The weak homology of gp55 with sigma 70 is essentially confined to homology segment 2. The part of gp55 that is homologous with sigma 70 segments 2.1 and 2.2 is most strongly protected by RNA polymerase from proteolytic cleavage by hydroxyl radical (25), implying tight binding. Our analysis of mutations in gp55 focuses on amino acids 68-83, comprising a segment that is homologous with sigma 70 segment 2.2 (Fig. 1). This segment is completely conserved in the newly sequenced phage RB69. Indeed, the entire amino acid sequence of gp55 is highly conserved between phages T4 and RB69, with only 11.3% divergence, and an additional 4-amino acid insertion near the N terminus of RB69 gp55 (phage.bioc.tulane.edu).

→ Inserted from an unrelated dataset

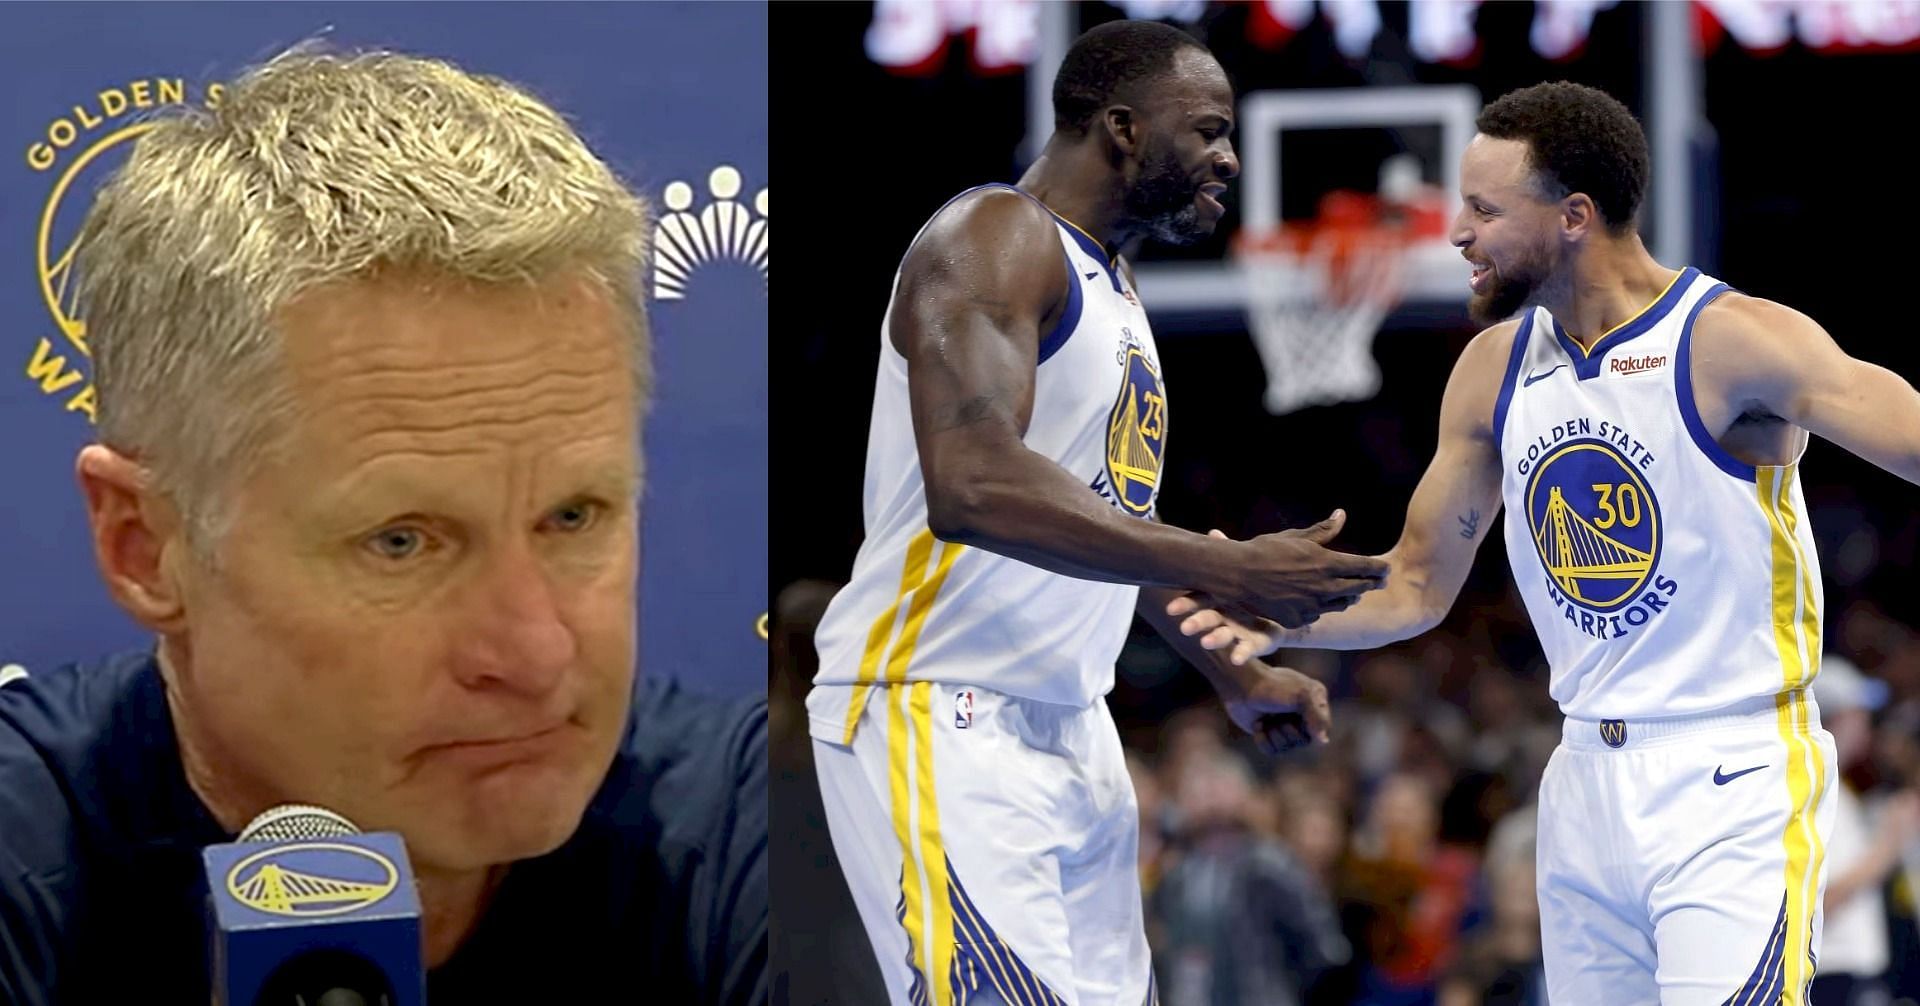 Golden State Warriors coach Steve Kerr and Warriors stars Draymond Green and Steph Curry

Mutations at multiple sites in sigma 70 homology segment 2.2 (L402F, D403N, D403A, Q406A, E407K, N409D, and M413T) disrupt the sigma 70-core interaction (28). gp55 mutations at amino acids 71 and 72 (M71A and I72K), putatively corresponding with amino acids 404 and 405 of sigma 70, were previously shown to generate defects in binding to RNA polymerase core (25). Alanine substitution mutants at all possible sites in the amino acid 68-83 segment have been examined. Ala78 has been replaced with Gly, the amino acid at the putatively corresponding location in sigma 70 and charge-reversing mutations at amino acids 77 (Glu right-arrow Lys) and 81 (Lys right-arrow Asp) have also been introduced.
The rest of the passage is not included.